- Born: January 25, 1925 Marseille
- Died: September 13, 2017 (aged 92) East Jerusalem

= Marie Balian =

Armenian ceramic artist (1925–2017)

Marie Balian, née Alexanian, (January 25, 1925 in Marseille, France – September 13, 2017 in East Jerusalem) was an Armenian artist and ceramic painter, especially known for her distinctive and impressive ceramic tile murals.

Her family originally came from the small Turkish town Kutahya. They fled Turkey on foot to Greece in 1917. From there, they took ship for France. Marie grew up in Lyon, France. As a six-year-old girl she began drawing and at ten she was doing portraits. She studied at the École nationale supérieure des Beaux-Arts in Lyon but had to drop out for financial reasons. In 1953 she met her distant cousin Setrak on his way to study ceramic technology with Ray Finch and Bernard Leach in England. They married in 1954 in Bethlehem.
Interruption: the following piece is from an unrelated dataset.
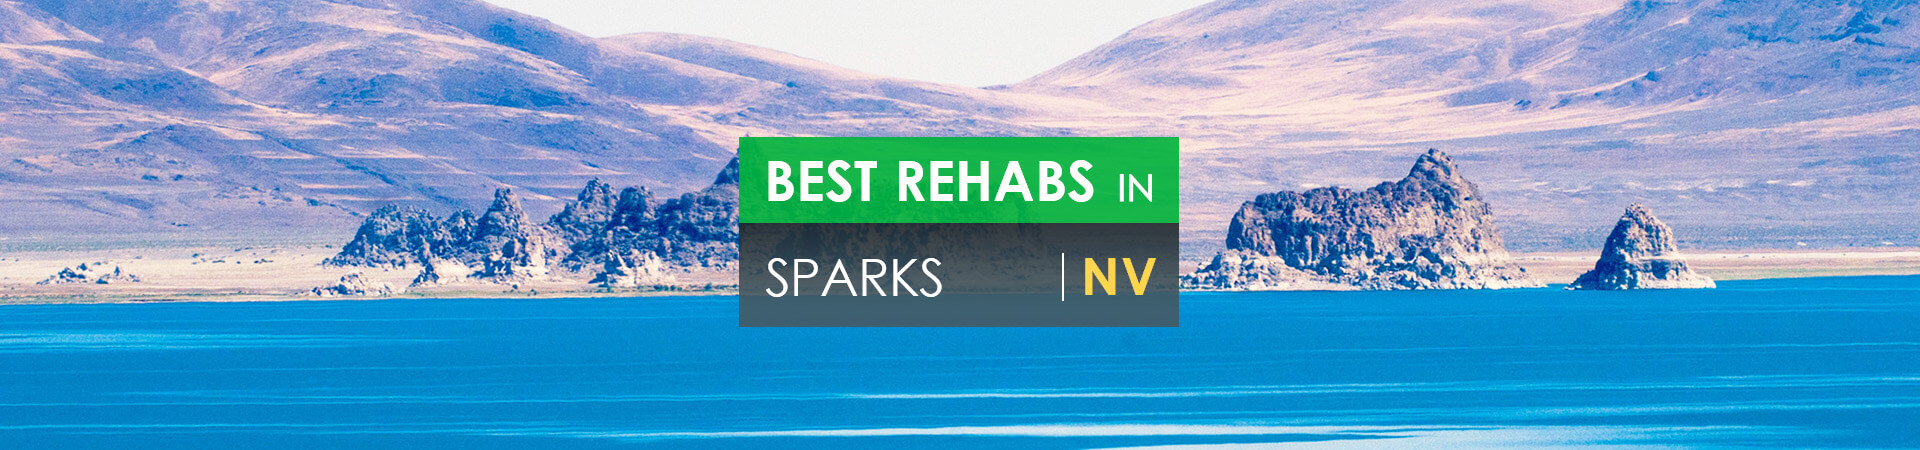 Best rehabs in Sparks, NV
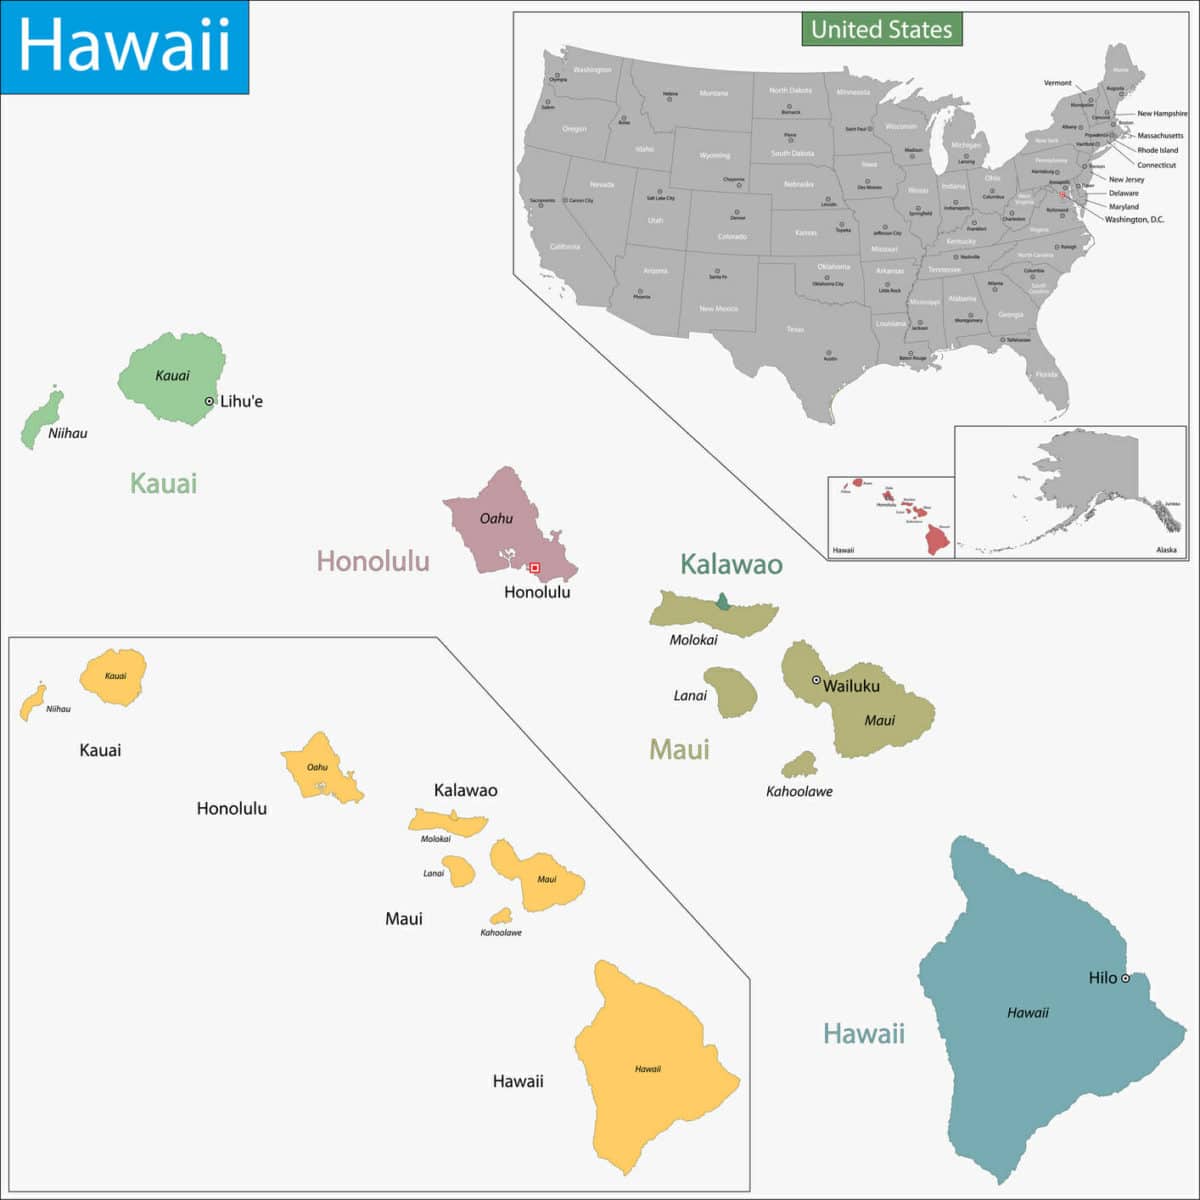 Map of Hawaii state designed in illustration with the counties and the county seats

Her contribution to Middle Eastern art was to introduce more Armenian elements, such as trees, animals and birds in a primitive style and elevate the craft to fine art and therewith brought her own cachet. She added movement to what had traditionally been static compositions and reminded us of the glorious beauty of nature. Suddenly, gazelles were prancing, peacocks were preening, garlands were flowing. The concept known as the Gardens and Views of Paradise of Marie Balian developed. She referred to 13th century after Christ when Persian artists were favoring garden scenes for their painted ceramic tiles. Symmetry gave way to dynamic asymmetry. At a later age she herself becomes aware she is a link in an ancient chain, and that she has played a crucial role in rescuing one branch of a centuries-old tradition from oblivion. "It's very easy for me. It's as if I had already done this in an earlier age, like the fourth, fifth or sixth century." She became the master painter of the Balian atelier in East Jerusalem, the Palestinian Pottery and a renowned artist.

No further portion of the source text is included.